══ Input ══
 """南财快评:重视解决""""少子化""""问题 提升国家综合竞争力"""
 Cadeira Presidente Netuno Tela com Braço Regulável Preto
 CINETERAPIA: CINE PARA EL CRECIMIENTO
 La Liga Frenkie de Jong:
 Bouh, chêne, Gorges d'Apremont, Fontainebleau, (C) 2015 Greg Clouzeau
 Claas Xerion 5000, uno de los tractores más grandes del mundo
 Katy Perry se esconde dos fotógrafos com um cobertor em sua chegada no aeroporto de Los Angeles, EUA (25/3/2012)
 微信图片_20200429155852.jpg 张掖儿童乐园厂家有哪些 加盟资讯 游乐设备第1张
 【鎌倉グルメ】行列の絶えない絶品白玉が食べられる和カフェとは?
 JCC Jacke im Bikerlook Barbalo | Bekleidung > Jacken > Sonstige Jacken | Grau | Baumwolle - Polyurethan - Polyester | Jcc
═══
**Exercise directions**
The required result is a verbatim copy of all the entries.

**Response below**
 """南财快评:重视解决""""少子化""""问题 提升国家综合竞争力"""
 Cadeira Presidente Netuno Tela com Braço Regulável Preto
 CINETERAPIA: CINE PARA EL CRECIMIENTO
 La Liga Frenkie de Jong:
 Bouh, chêne, Gorges d'Apremont, Fontainebleau, (C) 2015 Greg Clouzeau
 Claas Xerion 5000, uno de los tractores más grandes del mundo
 Katy Perry se esconde dos fotógrafos com um cobertor em sua chegada no aeroporto de Los Angeles, EUA (25/3/2012)
 微信图片_20200429155852.jpg 张掖儿童乐园厂家有哪些 加盟资讯 游乐设备第1张
 【鎌倉グルメ】行列の絶えない絶品白玉が食べられる和カフェとは?
 JCC Jacke im Bikerlook Barbalo | Bekleidung > Jacken > Sonstige Jacken | Grau | Baumwolle - Polyurethan - Polyester | Jcc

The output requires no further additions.